Cargo Trailer vs. Toy Hauler

So I’ve been considering a cargo trailer and outrigging it with a small kitchen, sleeping space (with bunks for the kids) and A/C for traveling to races; and maybe the occasional family trip.

But the more I add up the time vs. cost I find myself now thinking about a small toy hauler. Anyone been in this position before? And if you went with a toy hauler, and advice on what I should consider?

I have a half ton Chevy with a 6,000 lbs (ish) towing capacity, so I can’t get anything to large. All I plan to haul is my kart and maybe a Honda Rancher from time to time.

New, used? Pros v Cons?

Anything else I’m missing that I should consider?
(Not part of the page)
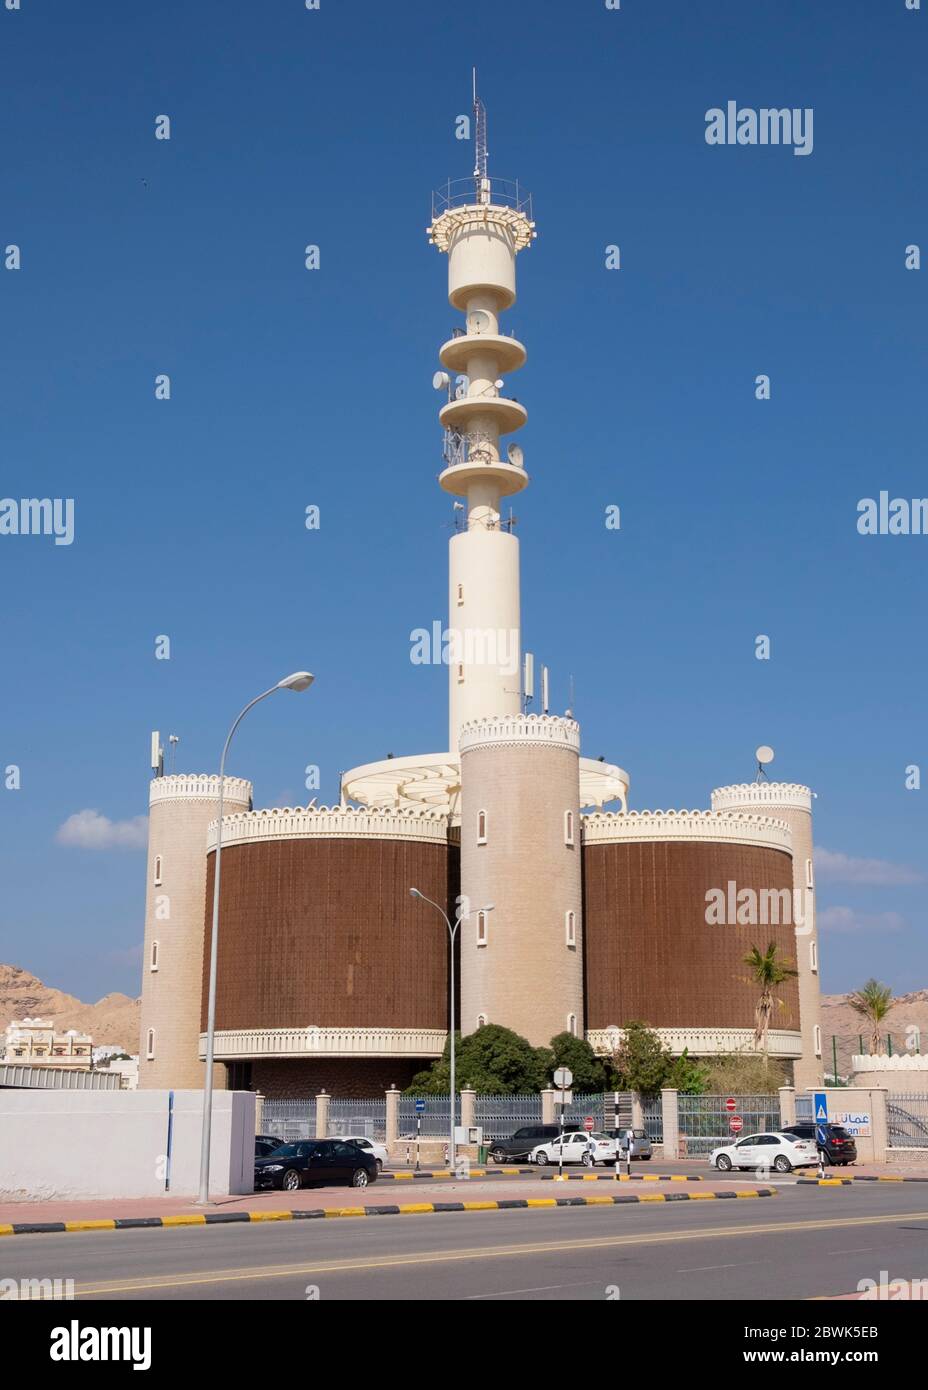 The Oman Telecommunications Company building and Transmission Tower on  Markzi Mutrah Al Tijari street in the Ruwi district of Muscat, Oman,  Sultanate Stock Photo - Alamy

I have had the exact same thought. By the time you build out a normal trailer to include a moderate living space you are in for as much or more than a toy hauler. Upside to a hauler is it will likely have a bathroom/shower.

I bought a Forest River Greywolf 19RR last season after karting out of the back of my pickup for years. It’s fantastic! My wife and the pup can come to the track with me now. We have heat, which came in ultra handy today at the track (48 degrees, windy, and rain!) AC, microwave, toilet, shower, and an actual bed! Makes for a much better overall weekend experience at the track!
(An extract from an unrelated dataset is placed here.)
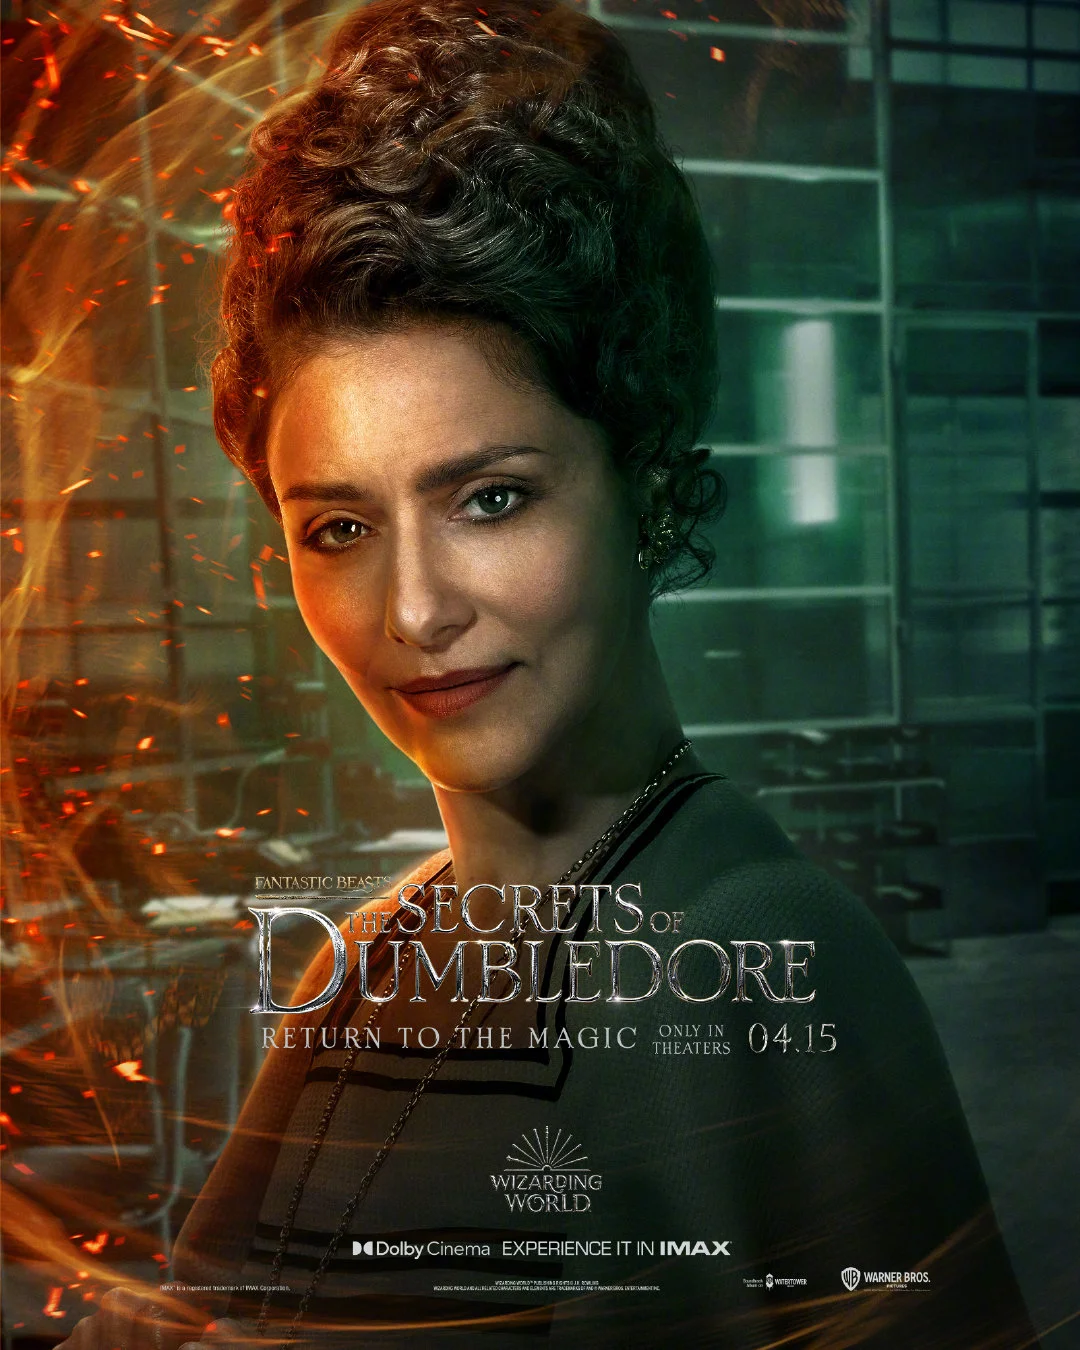 fantastic-beasts-the-secrets-of-dumbledore-releases-multiple-character-posters-17

After years of karting and using a 7x14 cargo trailer, I upgraded to a toy hauler. My wife and daughter wanted air conditioning, and I gave them options from race trailer with AC all the way to a toy hauler. I unfortunately had to get a new truck because they decided on the 5th wheel toy hauler. I agreed to go to what we did not because I was going to get a truck out of it (my existing truck wasn’t quite 2 years old), but because of the flexibility of the trailer. Now we are able to stay at the track, which is a plus from having to book a hotel, plus leaving the track to get to the hotel and back to the track, etc. Another upside is that my friend and I always talk about what happens if our daughters decide they are done racing tomorrow? Well, with a toy hauler, we just go camping and shift gears, or I can trade it in to the dealer, whereas a race trailer may be tougher to get out from under. They are not that different in costs either. Toy haulers also have the ability to cook meals easier than putting together a kitchen for a cargo/race trailer. Also, besides the shower mentioned earlier, you also have a restroom with you.

End of the day, it’s about what you really think is best for you.

This thread is unless without pictures, lol.

Here is one I’m considering, as it has the side entry which seems perfect size for a couple of karts. Bunk beds for the kids, separation fron the kids/ sleeping quarters. Plus it has the flat outside panels (no ribs) which is huge for Florida as moss loves to grow out here in crevices.

My only concern, I think its too heavy for a 1/2 ton truck? (1998 Chevy Tahoe)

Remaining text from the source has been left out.